Rather than challenge these transformations New Labour embraced them as part of a ‘modernising’ project: a superficially plausible psephological critique relating to the need for Labour to move beyond their core constituencies eventually morphed into a deeply ideological embrace of the free-market. The architects of New Labour uncritically accepted much free market dogma and seized upon the financial markets in particular as an engine of economic growth. They derided talk of socialism and redistribution as anachronistic ideological baggage and argued that a ‘modern’ party must accept the reality of ‘globalisation’ while trying to utilise continual economic growth to fund programs of public spending driven by leftist values. This attempt to utilise the ‘dynamism’ of finance for social ends led to an unholy marriage between New Labour and the wealthy: ministers came to deify the ‘wealth creators’ and promulgate their perceived virtues. Progress was seen to consist in bringing the apparent expertise of business into the public sector. A pragmatic analysis of how to pursue leftist goals in an undoubtedly changing world ultimately led to the most profound betrayal of those goals imaginable… and it paved the way for a ‘progressive conservatism’ aiming to irrevocably entrench the revolution of the 1980s through unprecedented spending cuts, the effective privatization of the education system, a committed attack on the expansion of higher education and the remoralization of poverty.

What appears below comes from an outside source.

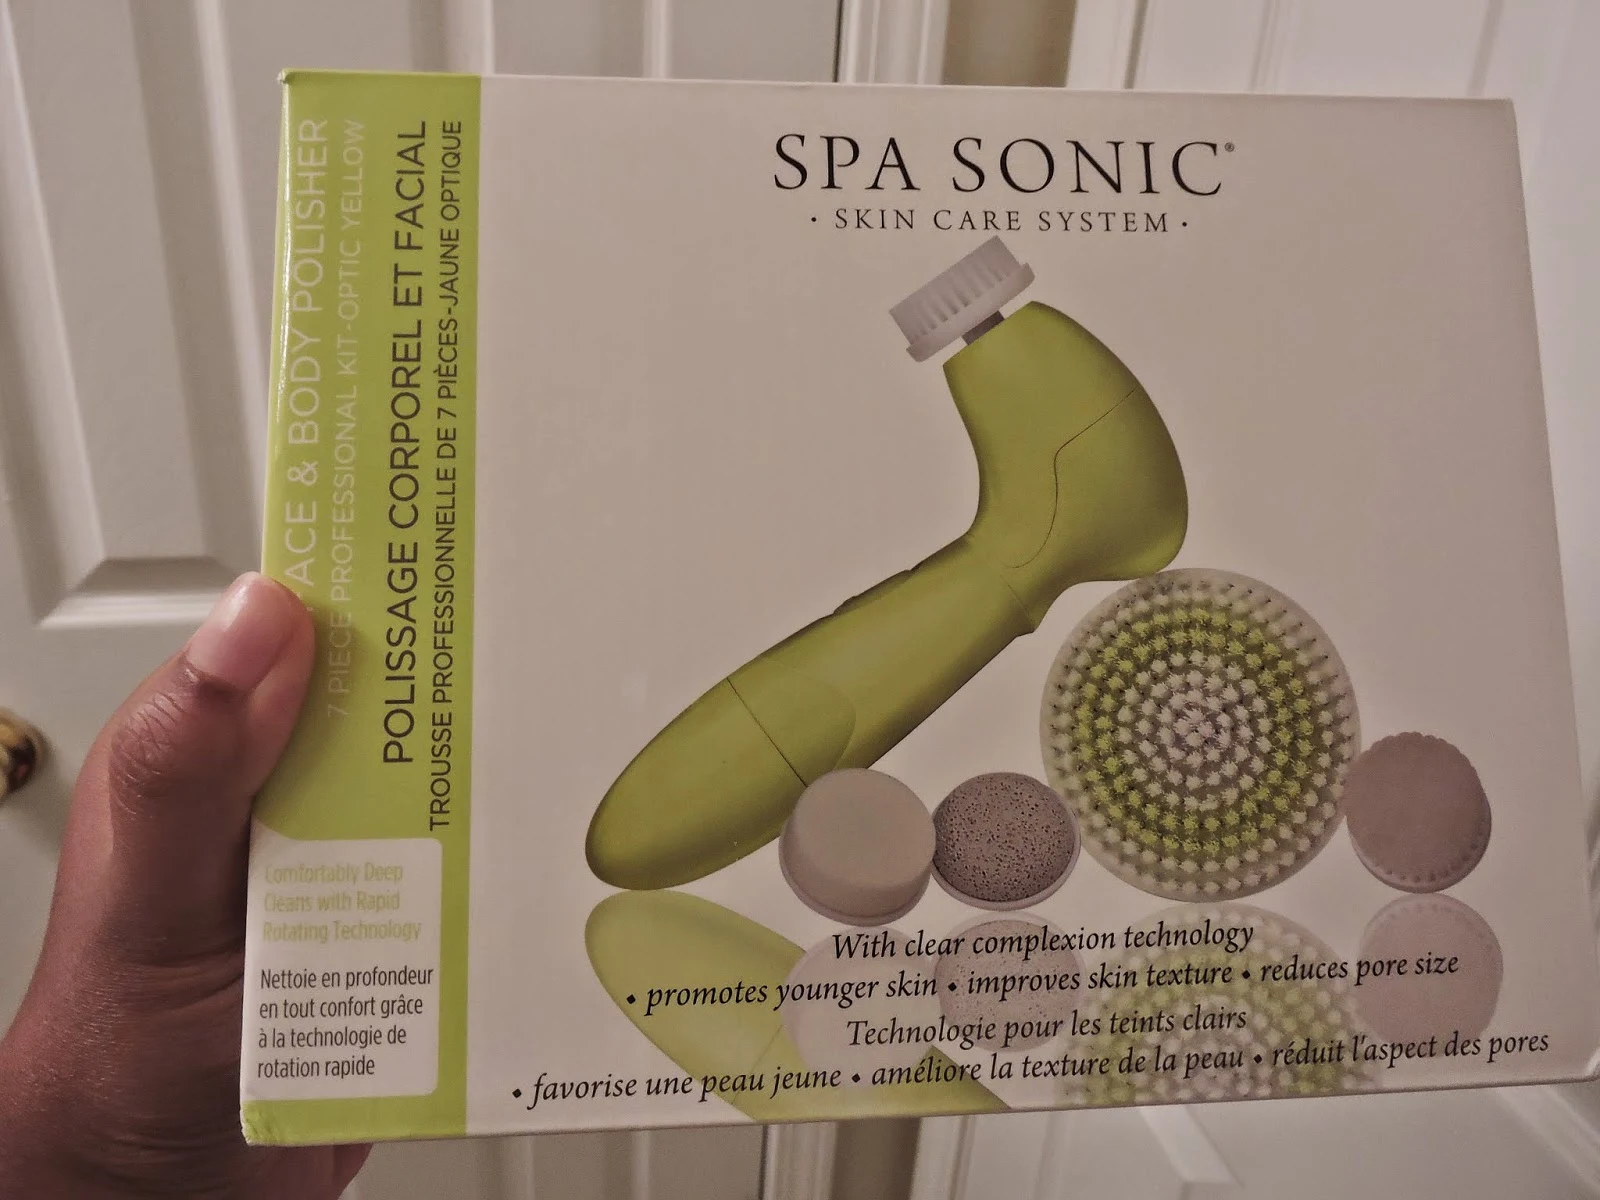 Spa Sonic Skin Care System Review #SpaSonic via www.Productreviewmom.com

This is a powerful book, as Seymour utilises the erudition he regularly exhibits on Lenin’s Tomb to great polemic effect without sacrificing the analytical rigour which so often characterises his writing. It pursues a number of distinct aims and yet it somehow manages to be more than the sum of its parts. Perhaps this is because the overarching purpose of the book is at heart a simple one. While this purpose pervades the book it is at its most explicit in the final paragraph when Seymour directly explains the ‘meaning of David Cameron’:

“Cameronism comes with irenic intonations, soothing, anaesthising language about change, just at the time when an epochal social crisis with deep political polarisation is about to be visited on this unhappy island-state. Just as Margaret Thatcher launched a bellicose administration with a pacific quote from St Francis of Assisi, so David Cameron comes to us as an agent or discord, distress and social misery, with an olive branch thrust towards his opponents. What is the meaning of David Cameron? He means war.”

At a time when the coalition government is committed to cuts which will affect our “whole way of life” Seymour offers a timely critique of a radical right wing agenda (‘rethinking the role of the state’) presented as an unavoidable solution to an otherwise insurmountable problem. Furthermore he offers a great insight into the transformations within political culture which have allowed such an agenda to be presented as a ‘progressive’ project. Inevitably for such a short book there are questions raised which lack answers: for example how does the Con-Dem agenda fit into the wider ‘politics of austerity’ in Europe and beyond?  Nonetheless this is a valuable and judicious book which deserves to be read by all those interested in the future of British politics.